A decade later, the video was lampooned on the MTV animated series Beavis and Butt-Head, with the titular characters, both voiced by Mike Judge, opining that the video "sucks" and was "horrible", and ridiculing Perry and Schon's fashion sense. This greatly upset Cain, since he felt Journey's videos had helped make MTV. He called the band's manager repeatedly to ask how they could stop the channel from reairing the segment. In 1999, MTV chose it as 13th on its list of the 25 Worst Videos of All Time.

"I'm at a loss to explain that video," said Cain. "I will never live down those air keyboards. No matter what else I've done in my career, sooner or later people find a way to ask me about the 'Separate Ways' video."

==Stranger Things version==
For the fourth season of the TV series Stranger Things, which has used songs from the 1980s on its soundtrack, Bryce Miller and Alloy Tracks remixed the song. A fan of the show, Steve Perry heard the remix and told Miller and Troy MacCubbin how much he liked it. Perry told Variety, "I was stunned at how cool it was." Soon after that Perry suggested an extended version which he worked on with Miller.

==Daughtry version==

In 2023, American rock band Daughtry and Lzzy Hale of Halestorm covered the song to mark the 40th anniversary of the original.

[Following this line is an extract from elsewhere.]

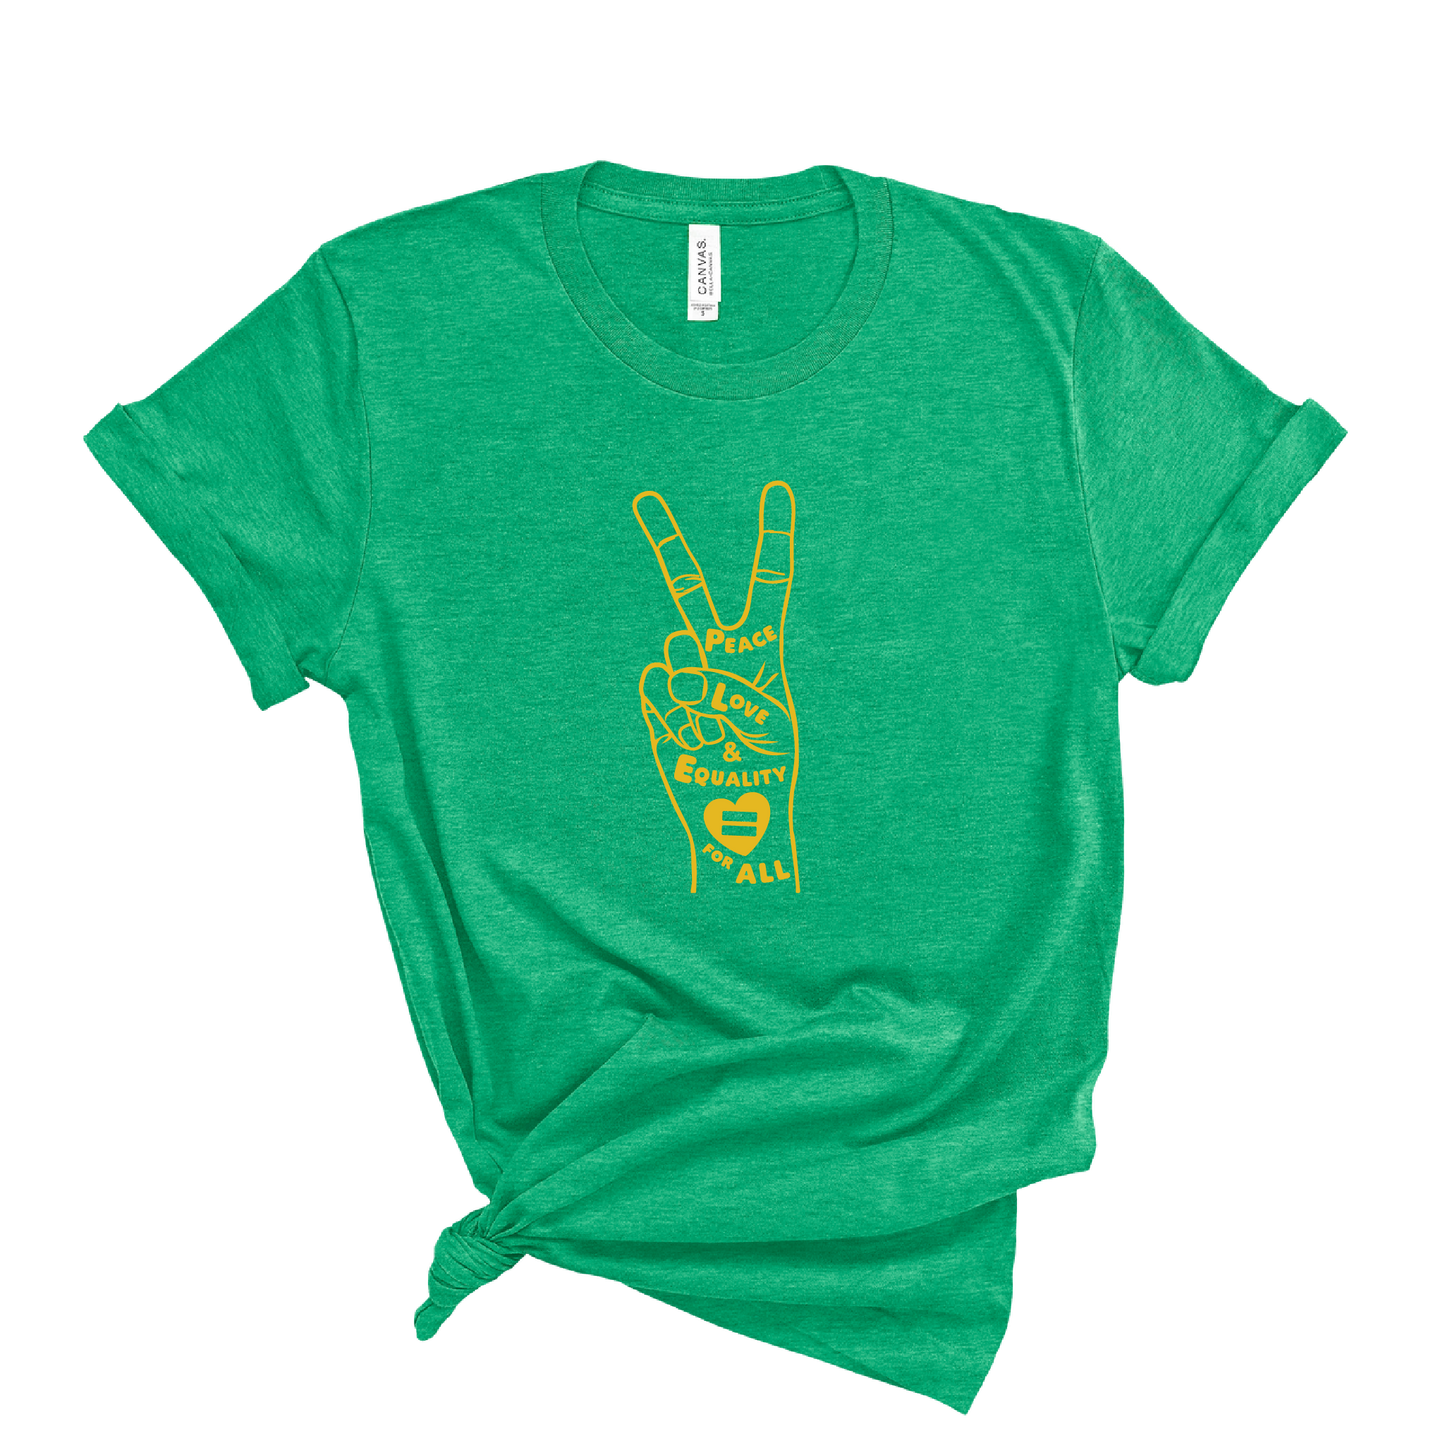 Peace, Love, and Equality T-shirt

Weekly chart performance for "Separate Ways (Worlds Apart)"
| Chart (2023) | Peak position |
|---|---|
| Bolivia Anglo Airplay (Monitor Latino) | 2 |
| Canada Digital Songs (Billboard) | 21 |
| Canada Rock (Billboard) | 30 |
| US Digital Song Sales (Billboard) | 3 |
| US Hot Rock & Alternative Songs (Billboard) | 40 |
| US Rock & Alternative Airplay (Billboard) | 21 |
| UK Singles Sales (OCC) | 49 |

==Charts==

===Weekly charts===

Weekly chart performance for "Separate Ways (Worlds Apart)"
| Chart (1983–1984) | Peak position |
|---|---|
| Australia (Kent Music Report) | 93 |
| Canadian The Record Top Singles | 11 |
| Canadian RPM Top Singles | 11 |
| South African Singles Chart | 17 |
| US Billboard Hot 100 | 8 |
| US Billboard Hot Mainstream Rock Tracks | 1 |
| US Cashbox Top 100 | 9 |

2022–2023 weekly chart performance for "Separate Ways (Worlds Apart)"
| Chart (2022–2023) | Peak position |
|---|---|
| Canada Digital Song Sales (Billboard) | 38 |
| Canada Digital Song Sales (Billboard) Bryce Miller/Alloy Tracks Remix | 17 |
| Global 200 (Billboard) | 137 |
| Hungary (Single Top 40) | 6 |
| Japan Hot Overseas (Billboard Japan) | 4 |
| New Zealand Hot Singles (RMNZ) | 21 |
| UK Singles (Official Charts) | 95 |
| UK Rock & Metal (Official Charts) | 5 |
| US Bubbling Under Hot 100 (Billboard) Bryce Miller/Alloy Tracks Remix | 5 |
| US Hot Rock & Alternative Songs (Billboard) | 14 |
| US Hot Rock/Alternative Songs (Billboard) Bryce Miller/Alloy Tracks Remix | 13 |

===Year-end charts===

Year-end chart performance for "Separate Ways (Worlds Apart)"
| Chart (1983) | Position |
|---|---|
| Canadian RPM Top Singles | 73 |
| US Billboard Hot 100 | 38 |
| US Cashbox Top 100 | 60 |

==Certifications==

Certifications and sales for "Separate Ways (Worlds Apart)"
| Region | Certification | Certified units/sales |
| New Zealand (RMNZ) | Gold | 15,000^{‡} |
| United Kingdom (BPI) | Silver | 200,000^{‡} |
| United States (RIAA) | 4× Platinum | 4,000,000^{‡} |
^{‡} Sales+streaming figures based on certification alone.